Tetapi, menurut mantan Menteri Koordinator Bidang Politik Hukum dan Keamanan ini, sekarang ini dinilai oleh banyak pakar, pelaku politik yang sudah senior sebagai pemilu yang paling brutal.
"Tidak ada pemilu yang sebelumnya seperti ini. Dimana pejabat tertinggi turun, meski bilangnya tidak kampanye, isinya kampanye. Apalagi ada ancaman kerak putih sehingga dianggap paling brutal," kata Cawapres 03 ini.
Kata Mahfud, jangan terjadi perusakan demokrasi dan hukum. Karena kalau terjadi, makan akan terjadi lagi ke depan.

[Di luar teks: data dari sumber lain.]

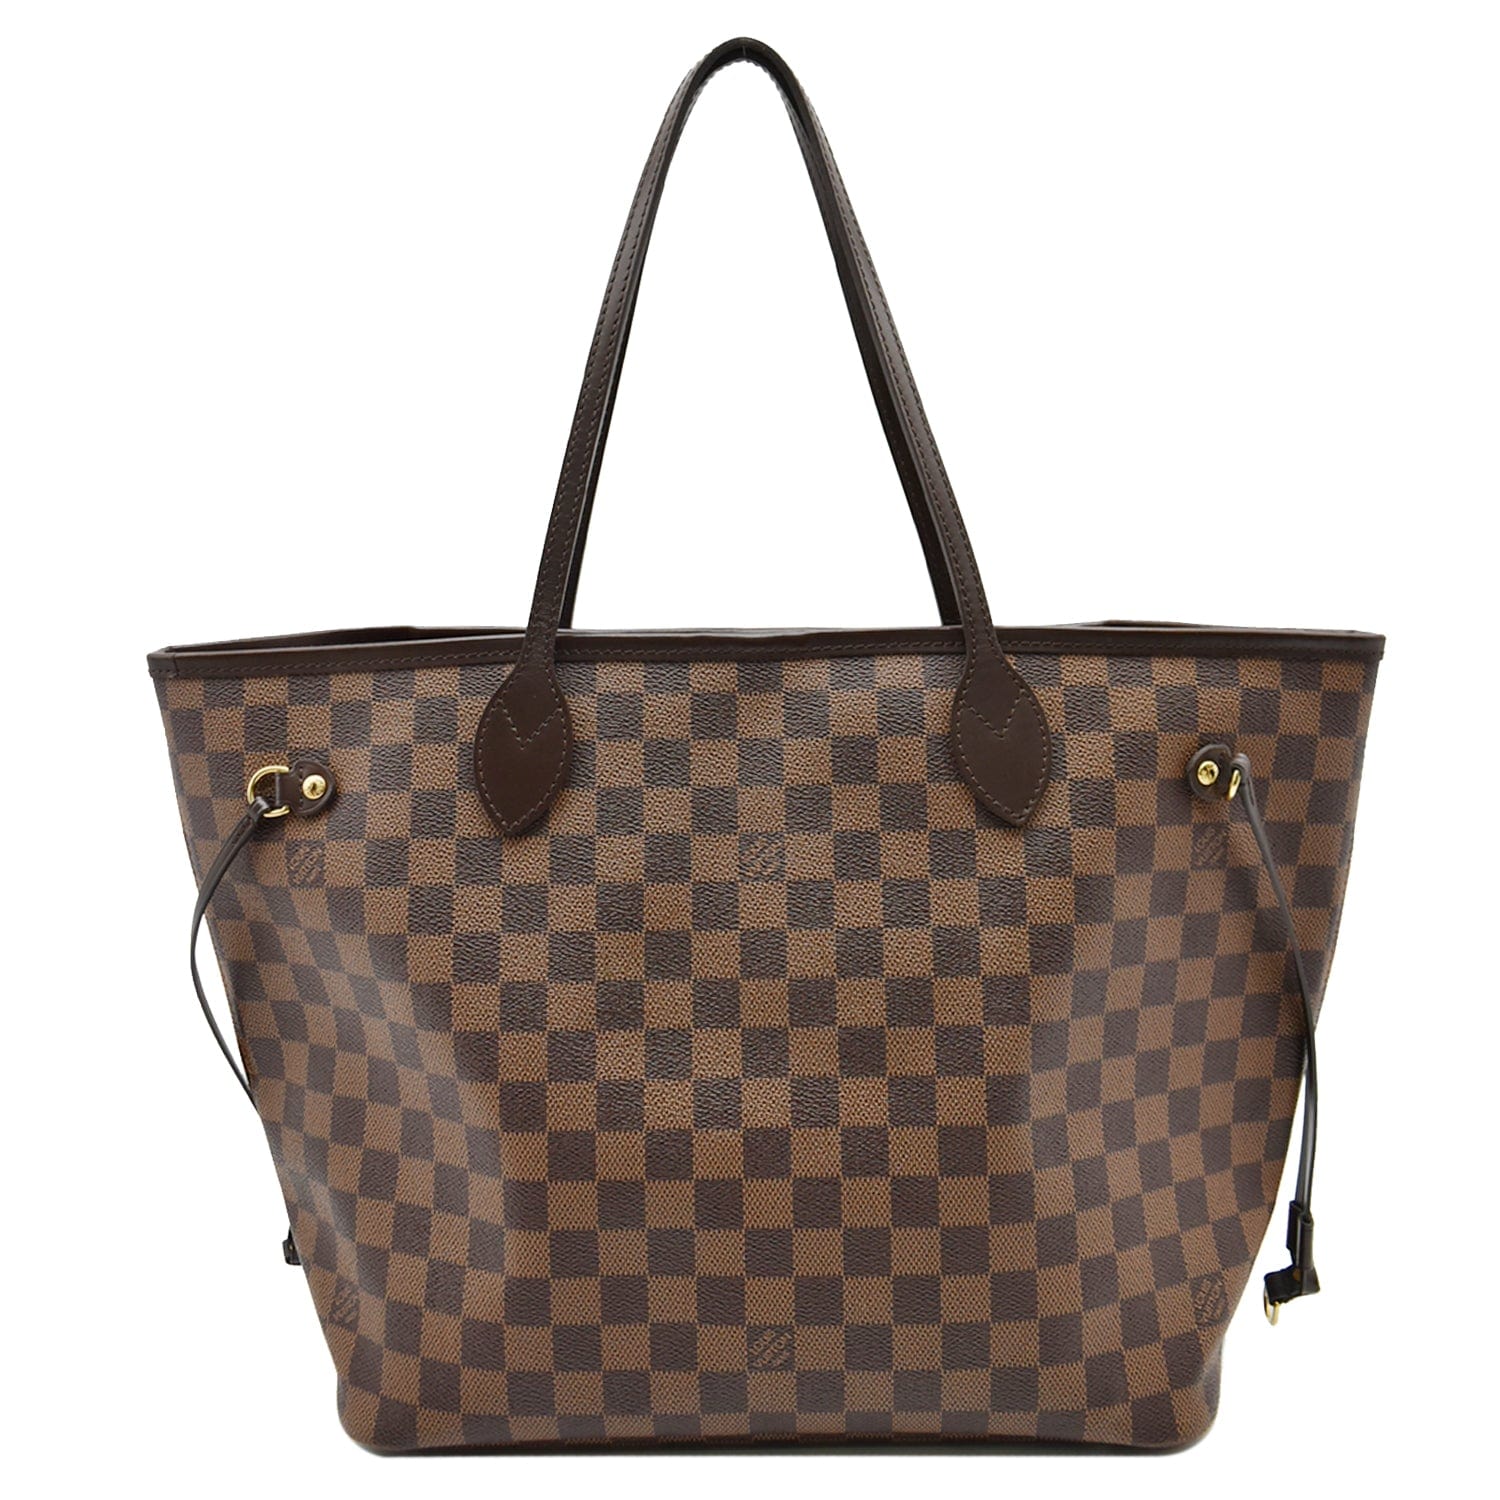 Authentic 2017 Louis Vuitton Neverfull MM Tote Bag in Damier Ebene EUC

"Kalau mau pemilu, Anda dekat dengan kekuasaan dan Anda punya duit. Hanya itu. Lalu orang yang biasa tapi hebat (pemikirannya) tak bisa tampil," kata mantan Ketua Mahkamah Konstitusi ini.
Kata dia, apa yang dilakukan kubu Ganjar Pranowo-Mahfud ke MK bukan mencari menang tapi murni election (demokrasi baik) ke depan.
"Nah itu harus diungkap oleh sebuah teater hukum di MK," ujarnya.
Belum Selesai
Sebelumnya, Sekretaris Jenderal (Sekjen) PDIP Harto Kristiyanto menegaskan Pemilu 2024 belum selesai.
Kata dia, masih ada proses lanjutan di MK.
Hasto menjelaskan, proses kejanggalan Pemilu 2024 dimulai dari keputusan MK yang meloloskan Gibran Rakabuming sebagai peserta Pemilihan Presiden (Pipres).
Kata dia, telah terjadi "abuse of power" atau penyalahgunaan kekuasaan dari Presiden Joko Widodo (Jokowi).
:quality(30):format(webp):focal(0.5x0.5:0.5x0.5)/manado/foto/bank/originals/210324-mahfud1.jpg)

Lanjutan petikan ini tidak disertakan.